太字で示した、不幸だと思っていたことが実は幸運につながったり、幸運だと思っていたことが後に不幸につながったりするということは、頭ではわかっていても、その時点ではどうしたって一喜一憂してしまいますよね。
戸谷半兵衛さんの遺言書では「損は徳の元手であり、利は損の入れ替えと考えて」という部分がそれにあたると思うのですが、仕事を振り返ってみると、確かにそうだなぁ〜と。
景気など、社会情勢の影響はあるとは思いますが、大体いい時期と悪い時期が繰り返される。薄々それに気付いてはいても、売り上げが上がればあれもこれもと設備投資したくなるし、赤字になれば、もうダメかもと落ち込む...まさに一喜一憂を繰り返していました(苦笑)
経営には胆力が必要
そういえば、お世話になっているある企業の社長さんがこんなことをおっしゃっていました。
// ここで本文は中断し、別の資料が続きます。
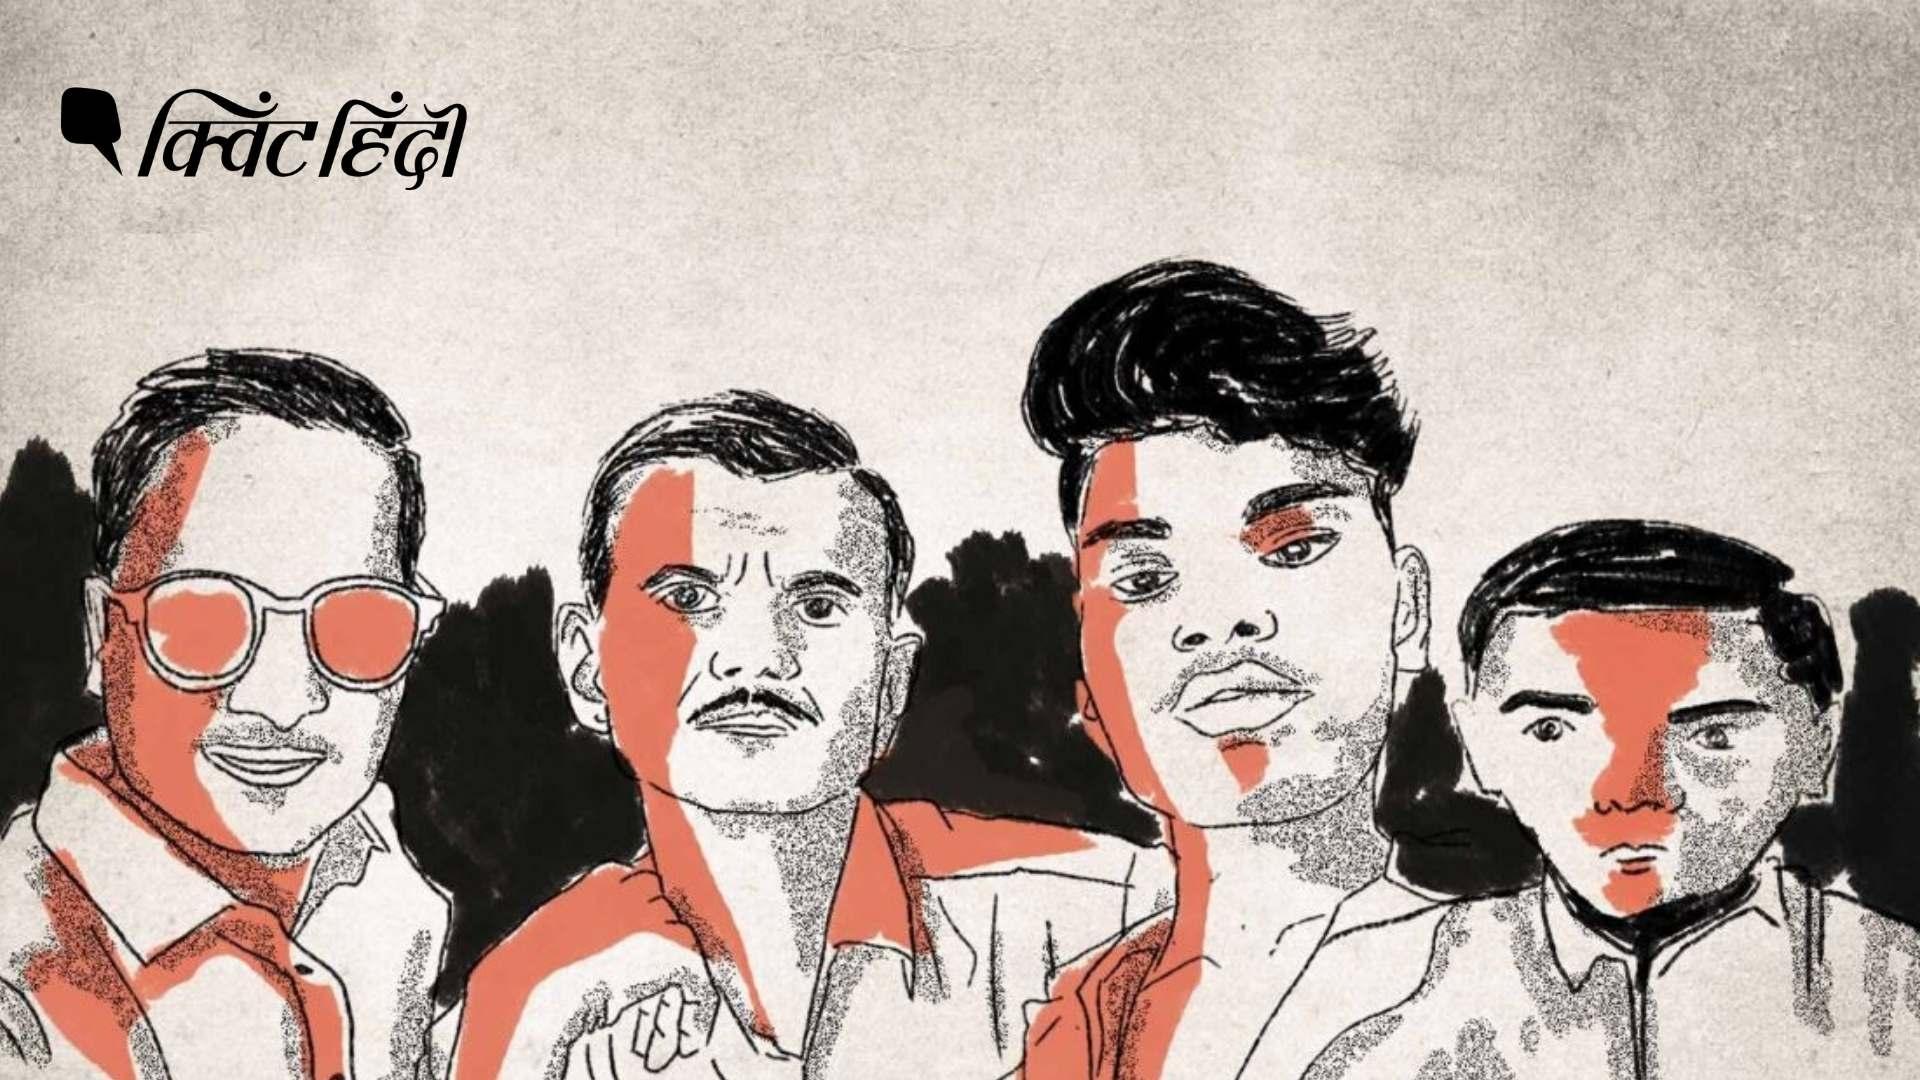 मुंबई से राजस्थान आ रहे 4 मजदूरों की मौत: अभी तक नहीं मिला मुआवजा

景気が悪いときこそ、次の展開を考えて、思い切った設備投資をするんです。
その時は、「とはいえ、なかなかできることではないよな〜」と内心思っていましたが、ここは「徳の元手」、こういう時こそ強気でいくべきなのですね。
経営には胆力が必要。
江戸時代も今も、そこは変わらない真理なのだなと改めて思いました。
下がれば上がるし、上がれば下がる。
それを繰り返しているのが、人間も含めた森羅万象の営みなのでしょう。
「塞翁が馬」を教わった時点では、全くそこにつながっていませんでしたが、そう考えれば、下がったり落ちたりした時も、そんなに焦る必要はないんじゃん、と。
会社の業績が上がったり下がったりして、毎年右往左往してきましたが、「損は徳の元手」(いい言葉です!)。どっしり構えて年度末を迎えたいと思います。